\section{Information-Theoretic Lower Bound}
\label{Sec:Information-TheoreticLB}
We now provide an information-theoretic lower bound on the accuracy achievable by any inverse estimator via the classical Le Cam binary testing approach~\citep{lecam1973convergence}.
Essentially, this approach creates two different bandit instances $\mathcal{M}_1 = (\theta_1^*, \mathcal{A}_1)$ and $\mathcal{M}_2 = (\theta_2^*, \mathcal{A}_2)$ and has the forward algorithm work with one of these bandit instances.

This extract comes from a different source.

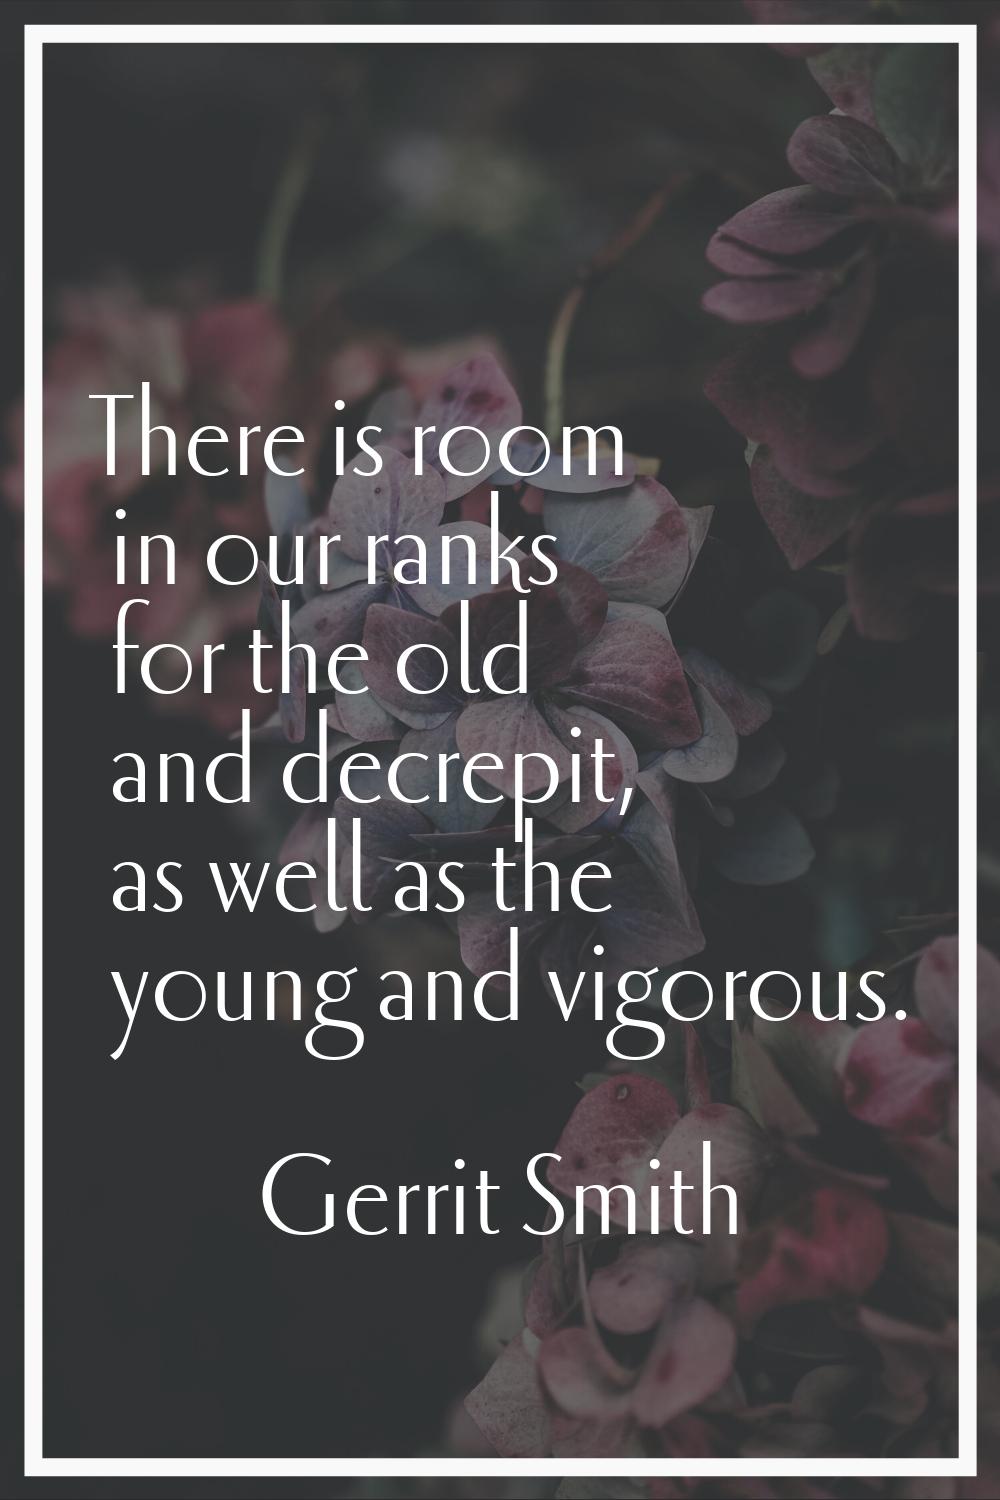 There is room in our ranks for the old and decrepit, as well as the young and vigorous.
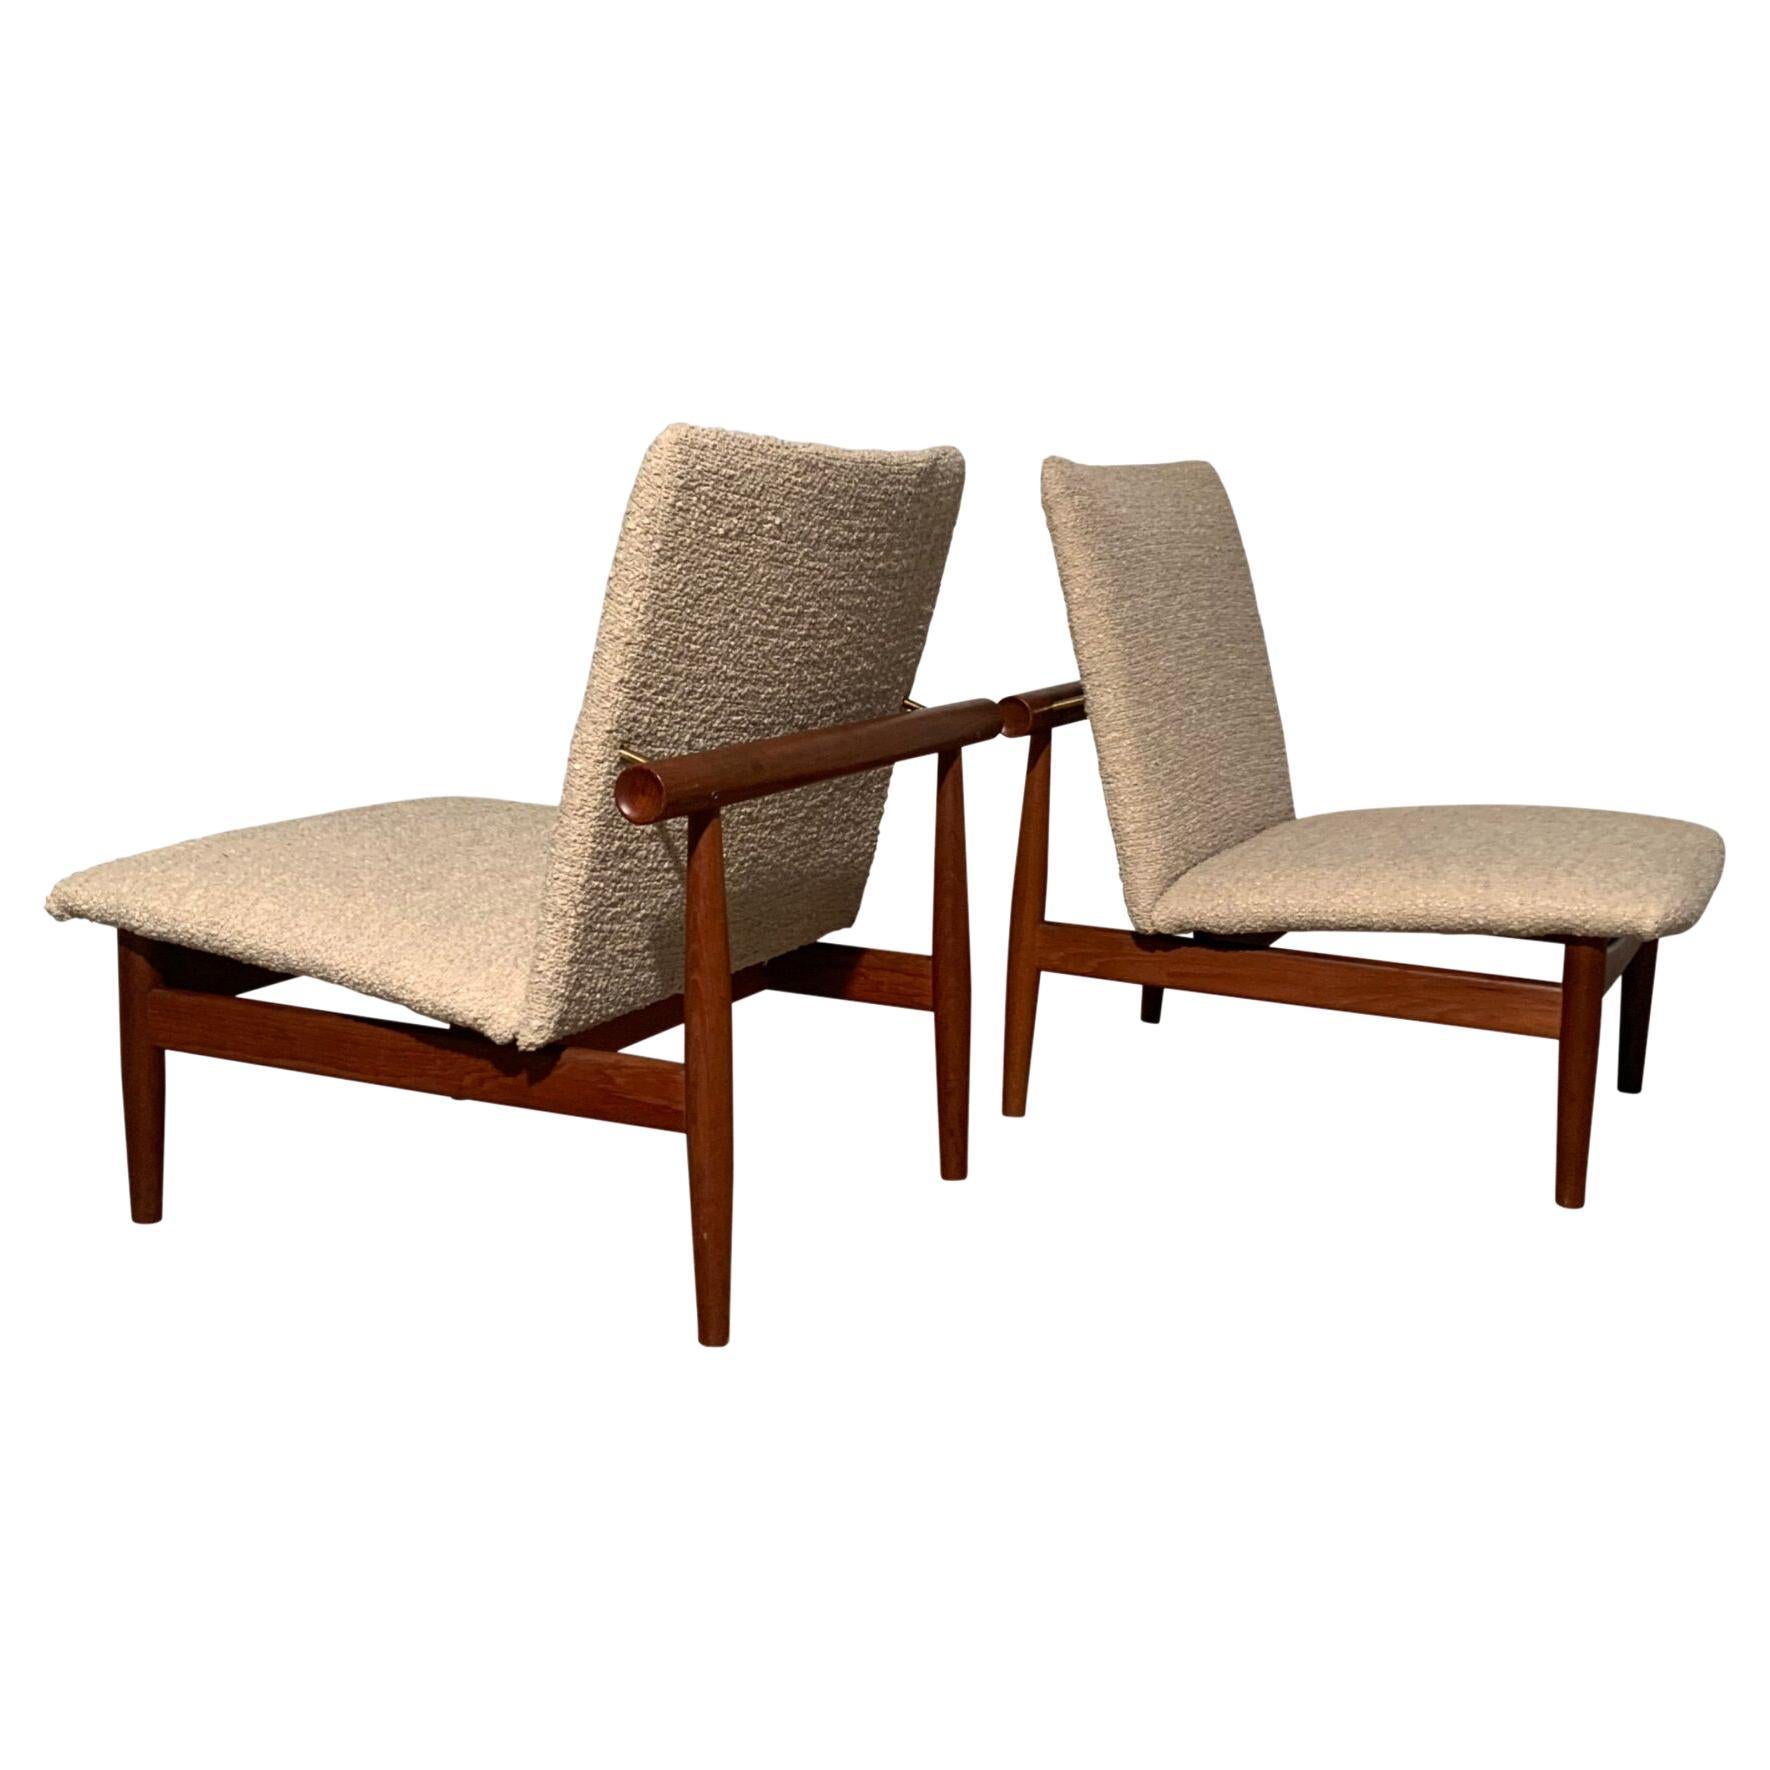 Pair of Finn Juhl Japan Lounge Chairs in Teak and Bouclé Fabric for France & Son

Then, we show that the inverse algorithm will be unable to distinguish which of the bandit instances the forward algorithm interacted with given a single demonstration of \emph{any} forward algorithm that incurs regret at least  $\widetilde{\mathcal{O}}(\sqrt{dT})$ and sufficiently explores each direction. 
Since the fundamental limit on regret for stochastic linear bandits for finite action sets is known to be $\widetilde{\mathcal{O}}(\sqrt{dT})$~\citep{lattimore_szepesvári_2020}, this implies a fundamental limit on inverse estimation. Theorem~\ref{thm:lower_bound} is proved in \Cref{sec:appendlowerbound}.

% Intuitively, we need to upper bound the amount the forward algorithm can explore in the direction of $\theta - \theta'$. Given that Phased Elimination achieves the regret bound of $\mathcal{O}(\sqrt{dT})$, it cannot explore every suboptimal direction as much as the direction of the optimal arm. The more an algorithm can explore suboptimal directions, the more an inverse algorithm can look at the number of pulls in the direction of $\theta' - \theta$ to determine whether the reward parameter is $\theta$ or $\theta'$. The amount of which any forward algorithm can explore any direction while achieving a regret bound of $\mathcal{O}(\sqrt{dT})$ is described by \cite{Banerjee2022}. Intuitively, this is quantified by an upper bound on the eigenvalues.




\begin{restatable}{theorem}{lowerbound}
    \label{thm:lower_bound}
     For a bandit instance $\mathcal{M}$ characterized by reward parameter $\theta_1^*$ and action set $\mathcal{A}$, there exists a bandit instance $\mathcal{M}'$ with parameter $\theta_2^*$ and the same action set $\mathcal{A}$ such that any inverse estimator incurs error 
    $$\max\{\|\hat{\theta} - \theta_2^*\|_2, \|\hat{\theta} - \theta_1^*\|_2\} = \widetilde{\Omega}\left(\sqrt{\frac{d}{T}}\right) \text{.}$$
\end{restatable}
%